Melk was a (subcamp of Mauthausen located approximately 100 km to the east of Linz (Austria). It was established
January 11, 1944.
Its main purpose was to provide forced
labor for the different tunneling projects in the surrounding hills.
The hills consisted of fine sand and quartz. Due to this, a vast number
of prisoners were buried alive beneath cave-ins while working inside.
The inmates of the camp were of all nationalities.
No single nationality was dominant. There were Poles, Hungarians, Yugoslavs,
French, Italians and Czechs.
A gas chamber was built and well camouflaged. The chamber was actually better built
and planned than that at Mauthausen.
It was built of brick with double walls 25 cm. apart, the inner walls
being tiled like a bathroom. The double walls acted as sound proofing
so that the screams of the dying would not have been heard by passing
prisoners or by the general public. Fortunately the war ended before
the chamber became active.
Melk also had its own crematorium. Its tall smoke stack,
pointing like a finger to the sky, was an obvious landmark. It covered
a large area and its design was an improvement on those of Mauthausen,
Gusen and Ebensee. Adjoing
the crematorium was a mortuary which was well ventilated and well tiled.
The average number of prisoners in Melk was about 8.000,
so it scarcely needed a gas chamber and crematorium of its own. The
reason for the building was that there were plans to eventually turn
Melk into an advanced extermination camp. In the summer months the crematorium
accounted for eight to sixteen deaths per day, while in the winter of
1944-45, the number increased to between 20-30 a day.
The Commandant of Melk was Obersturmbannfûhrer
Julius Ludolf. It is also known that at some period the infamous Untersturmbannfûhrer
Streitwieser held command. The construction works were under the supervision
of Obergruppenfûhrer Kammler and Obersturmfûhrer Schulz.

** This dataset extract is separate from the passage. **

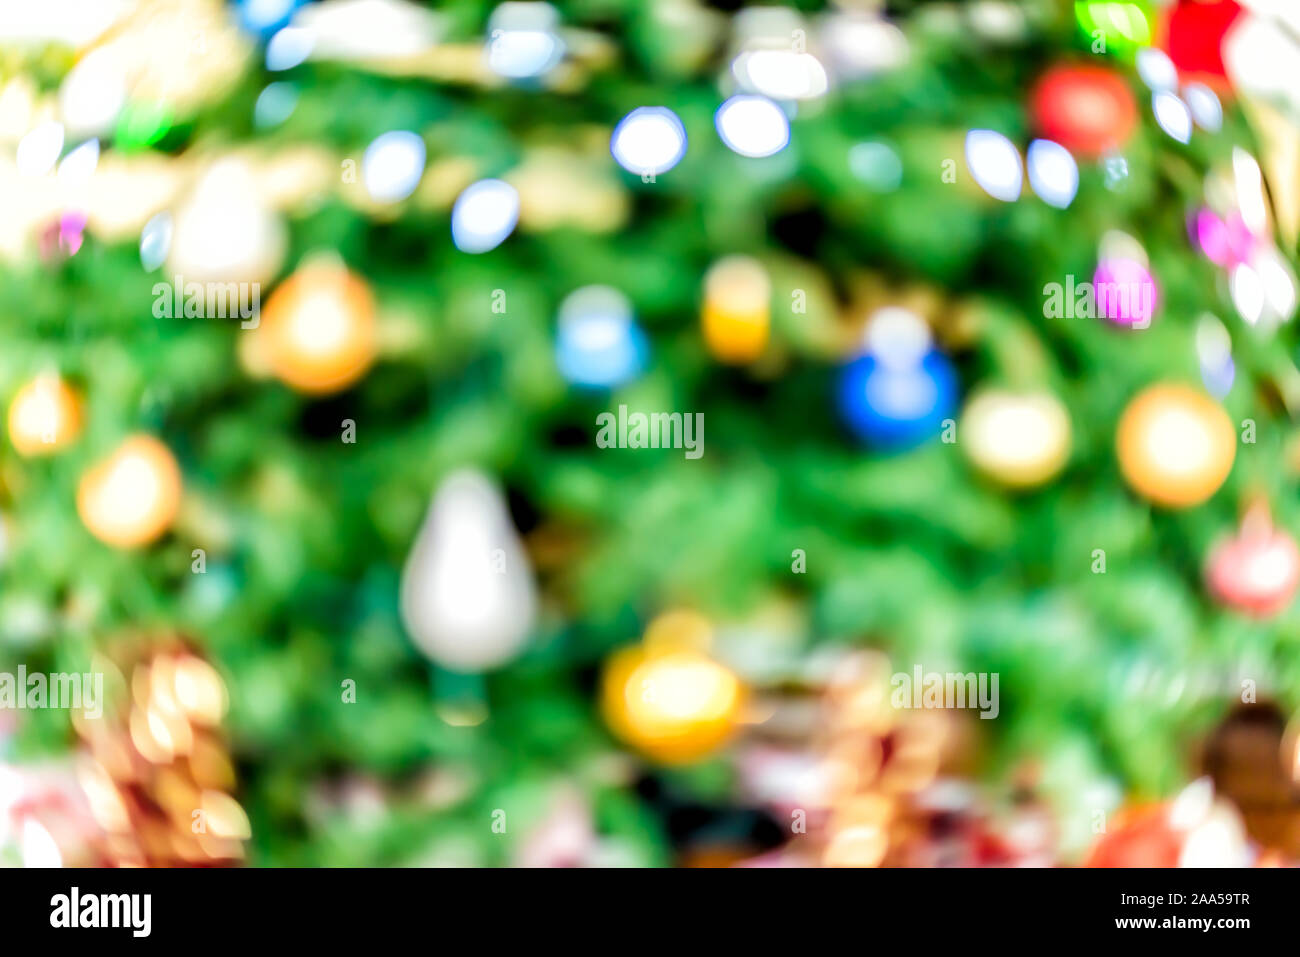 Christmas xmas bokeh abstract background with red, blue and green ornaments decorations on festive tree bright lights Stock Photo

The Melk camp was established well within the bounds
of a large Wehrmacht garrison. Thus it was exposed to passing soldiers
and civilians. In fact it was quite possible to look down on the camp
and adjoining army barracks from the link roads which were on a higher
level. Even the crematorium entrance faced straight on to one of the
main Wehrmacht roads. Nothing was done to conceal the stench and atrocities
from the local inhabitants and soldiers.
As the German forces withdrew on all fronts, there
was increasing chaos in the areas which were still under Nazi control.

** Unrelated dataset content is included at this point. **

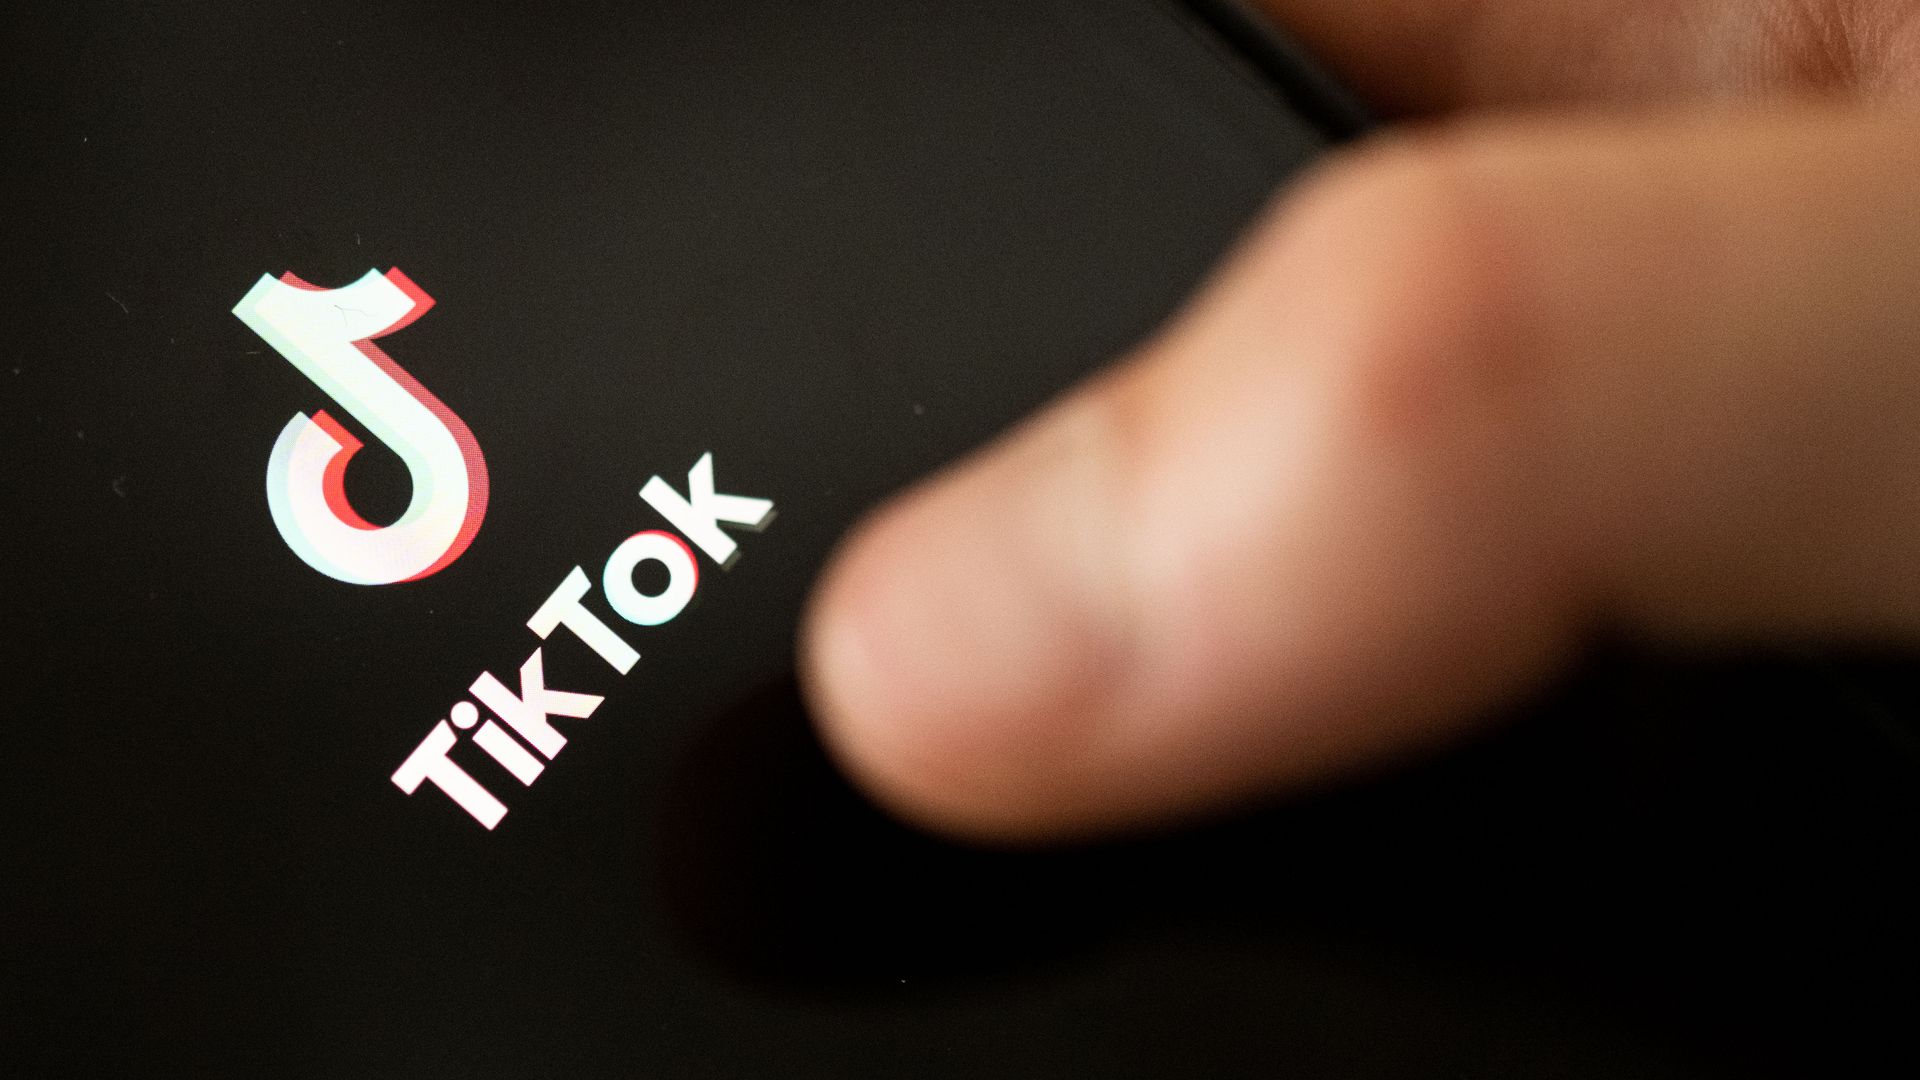 Photo of a thumb clicking on the TikTok app logo as shown on a phone screen

Even though the war was lost, the deportation trains and forced marches
still went on. Melk was one of the camps that received an extreme number
of these redeported prisoners. When the camp was finally liberated by
U.S. troops on May 5, 1945, the SS guards had fled leaving the camp in an unbelievable situation. The dead
and dying lay scattered all over the grounds and the final prisoner
count showed a population of over 14.000. The estimated number of victims
was approximately. 10,000 (not counting the unknown number which perished
in the tunnels).
Julius Ludolf was hanged in April 1947. Streitwieser,
Kammler and Schulz managed to escape.